13. Determine the values of $x$ such that $2^{x}+3^{x}-4^{x}+6^{x}-9^{x}\leq1$. (Taken from 101 Problems in Algebra by Andreescu and Feng)
    (Solved by Jarrett Ian G. Lim [Philippine Academy of Sakya] and Farrell Eldrian Wu [MGC New Life Christian Academy]; partial credit for Joyce Heidi Ong [Chiang Kai Shek College], Steven Reyes [Saint Jude Catholic School], and Madeline Tee [Jubilee Christian Academy])
    
    
    SOLUTION: 
    Note that, for any value of $x$, $$\begin{align*} -2^{x}-3^{x}+4^{x}-6^{x}+9^{x}+1 & = \frac{1}{2}\left[\left(4^{x}-2\cdot6^{x}+9^{x}\right)+\left(4^{x}-2\cdot2^{x}+1\right)\right.\\ &\quad \left.+\left(9^{x}-2\cdot3^{x}+1\right)\right]\\ & = \frac{1}{2}\left[\left(2^{x}-3^{x}\right)^{2}+\left(2^{x}-1\right)^{2}+\left(3^{x}-1\right)^{2}\right]\\ & \geq 0, \end{align*}$$ because we just have a sum of squares of real numbers. This means that $$\begin{align*} -2^{x}-3^{x}+4^{x}-6^{x}+9^{x}+1 & \geq 0\\ 1 & \geq 2^{x}+3^{x}-4^{x}+6^{x}-9^{x} \end{align*}$$ for all $x$. Therefore, the solution set is $\mathbb{R}$.
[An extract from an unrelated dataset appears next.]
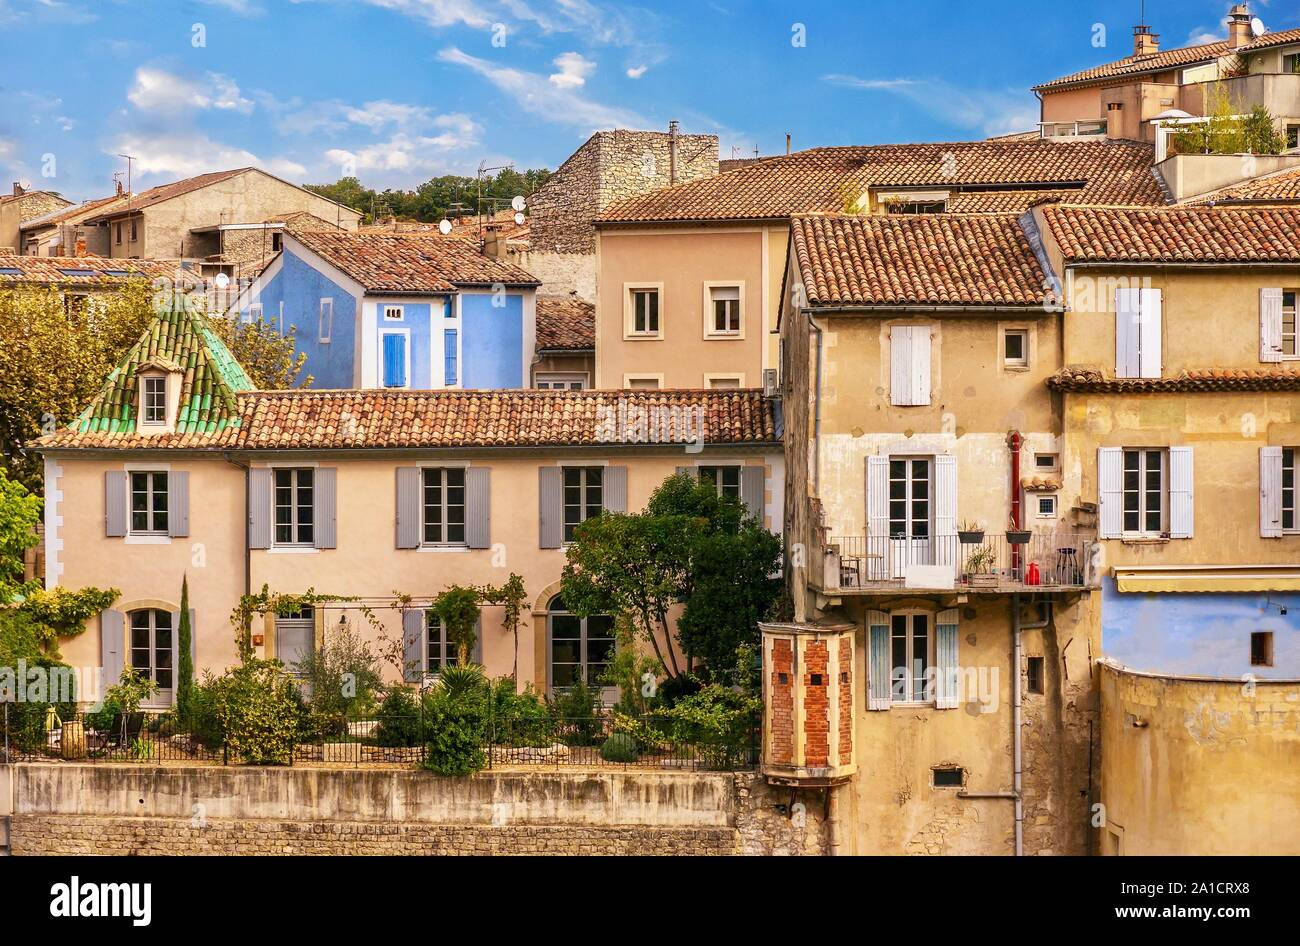 Rue d'un quartier résidentiel pittoresque dans la basse-ville de Vaison-La-Romaine en Provence, France. Banque D'Images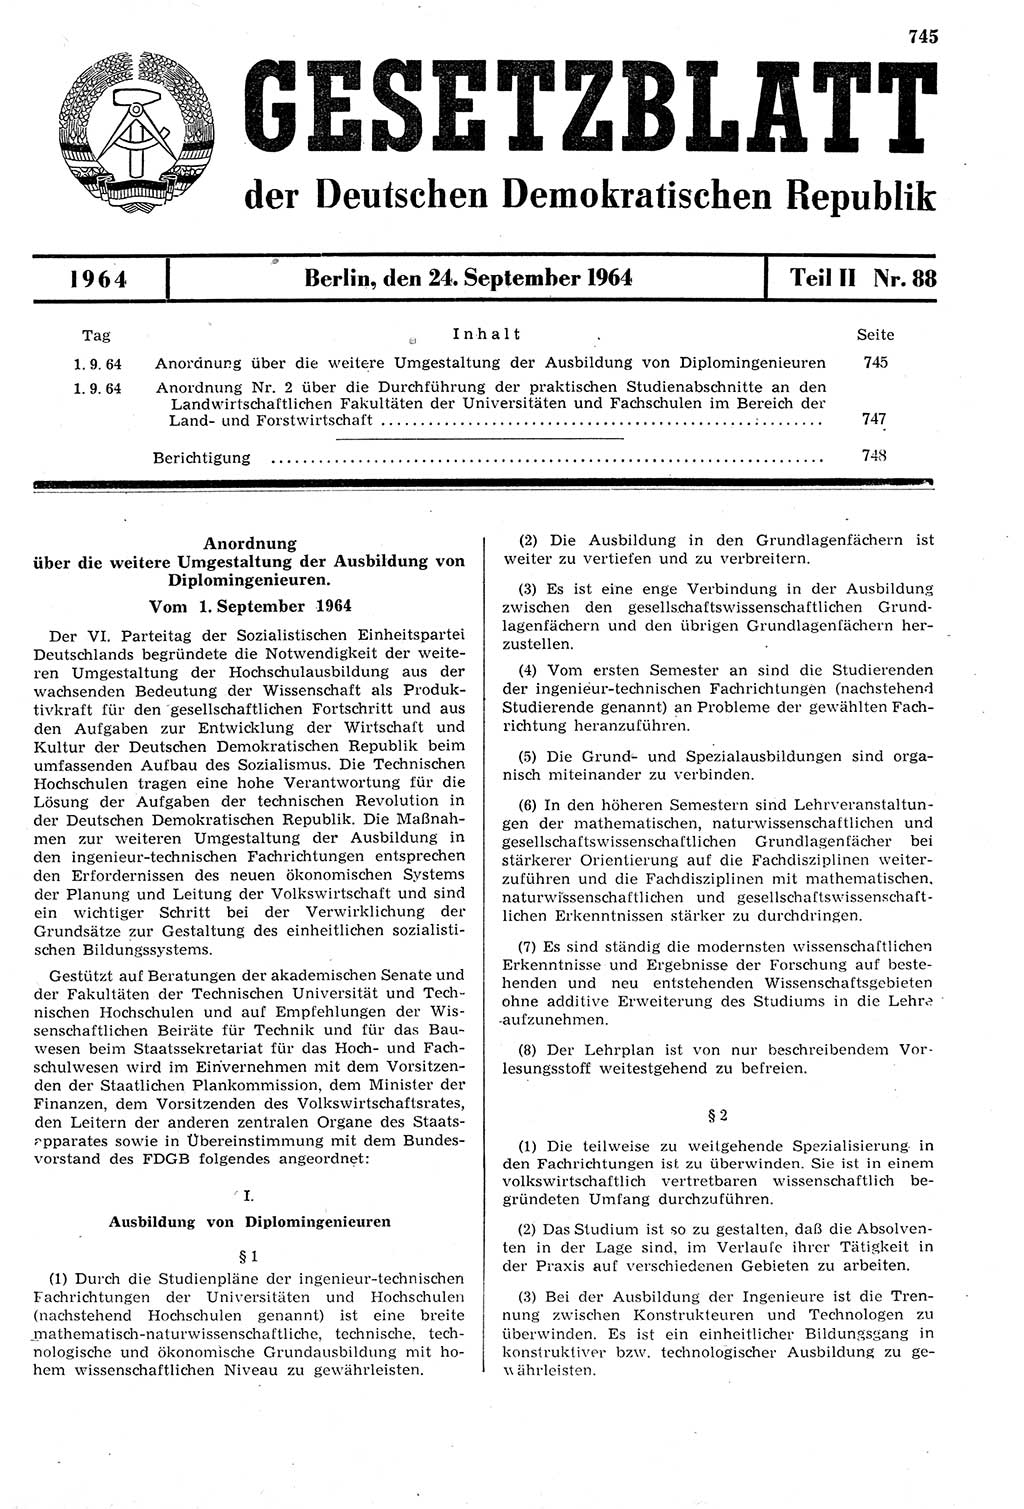 Gesetzblatt (GBl.) der Deutschen Demokratischen Republik (DDR) Teil ⅠⅠ 1964, Seite 745 (GBl. DDR ⅠⅠ 1964, S. 745)

14. Let $n$, $a$, and $b$ be positive integers. Prove that $$\gcd\left(n^{a}-1,n^{b}-1\right)=n^{\gcd\left(a,b\right)}-1.$$ (First Stage, Moscow Mathematical Olympiad, 1995)
    (Solved by Jarrett Ian G. Lim [Philippine Academy of Sakya], Joyce Heidi Ong [Chiang Kai Shek College], and Farrell Eldrian Wu [MGC New Life Christian Academy]; partial credit for Madeline Tee [Jubilee Christian Academy])
    
    
    SOLUTION: 
    What we will show is that the expression on the left will divide the expression on the right, and vice-versa.
    
    First note that $\gcd\left(a,b\right)$ must divide both $a$ and $b$. Also, for any expression $n^{x}-1$, if $y|x$, then $$n^{x}-1=\left(n^{y}-1\right)\left(n^{x-y}+n^{x-2y}+\cdots+1\right).$$ Since $\gcd\left(a,b\right)$ divides $a$ and $b$, then $n^{\gcd\left(a,b\right)}-1$ must also divide both $n^{a}-1$ and $n^{b}-1$, that is, $n^{\gcd\left(a,b\right)}-1$ is a common factor of $n^{a}-1$ and $n^{b}-1$. Consequently, $n^{\gcd\left(a,b\right)}-1$ must divide $\gcd\left(n^{a}-1,n^{b}-1\right)$.
    
    We now work with the second part, which is to prove that $\gcd\left(n^{a}-1,n^{b}-1\right)$ divides $n^{\gcd\left(a,b\right)}-1$. Recall that if $\gcd\left(a,b\right)$ denotes the greatest common divisor of $a$ and $b$, then there exists $x$, $y$ such that $ax-by=\gcd\left(a,b\right)$. Specifically, we can choose $x$ and $y$ to be positive. Now, following a similar argument as in the first part, we now know that $n^{a}-1$ will divide $n^{ax}-1$ and $n^{b}-1$ will divide $n^{by}-1$.
    
    This means that $\gcd\left(n^{a}-1,n^{b}-1\right)$ divides $n^{ax}-1$ and $n^{by}-1$. So $\gcd\left(n^{a}-1,n^{b}-1\right)$ divides $\left(n^{ax}-1\right)-\left(n^{by}-1\right)$.
    
    Note that $$\begin{align*} \left(n^{ax}-1\right)-\left(n^{by}-1\right) & = n^{by}\left(n^{ax-by}-1\right)\\ & = n^{by}\left(n^{\gcd\left(a,b\right)}-1\right). \end{align*}$$ Again, $\gcd\left(n^{a}-1,n^{b}-1\right)$ divides $\left(n^{ax}-1\right)-\left(n^{by}-1\right)$, and since $n^{a}-1$ and $n^{b}-1$ are both $-1\left(\mod n\right)$ while $n^{by}\equiv0\left(\mod n\right)$, we have $\gcd\left(n^{by},\gcd\left(n^{a}-1,n^{b}-1\right)\right)=1$. This means that $\gcd\left(n^{a}-1,n^{b}-1\right)$ divides $n^{\gcd\left(a,b\right)}-1$.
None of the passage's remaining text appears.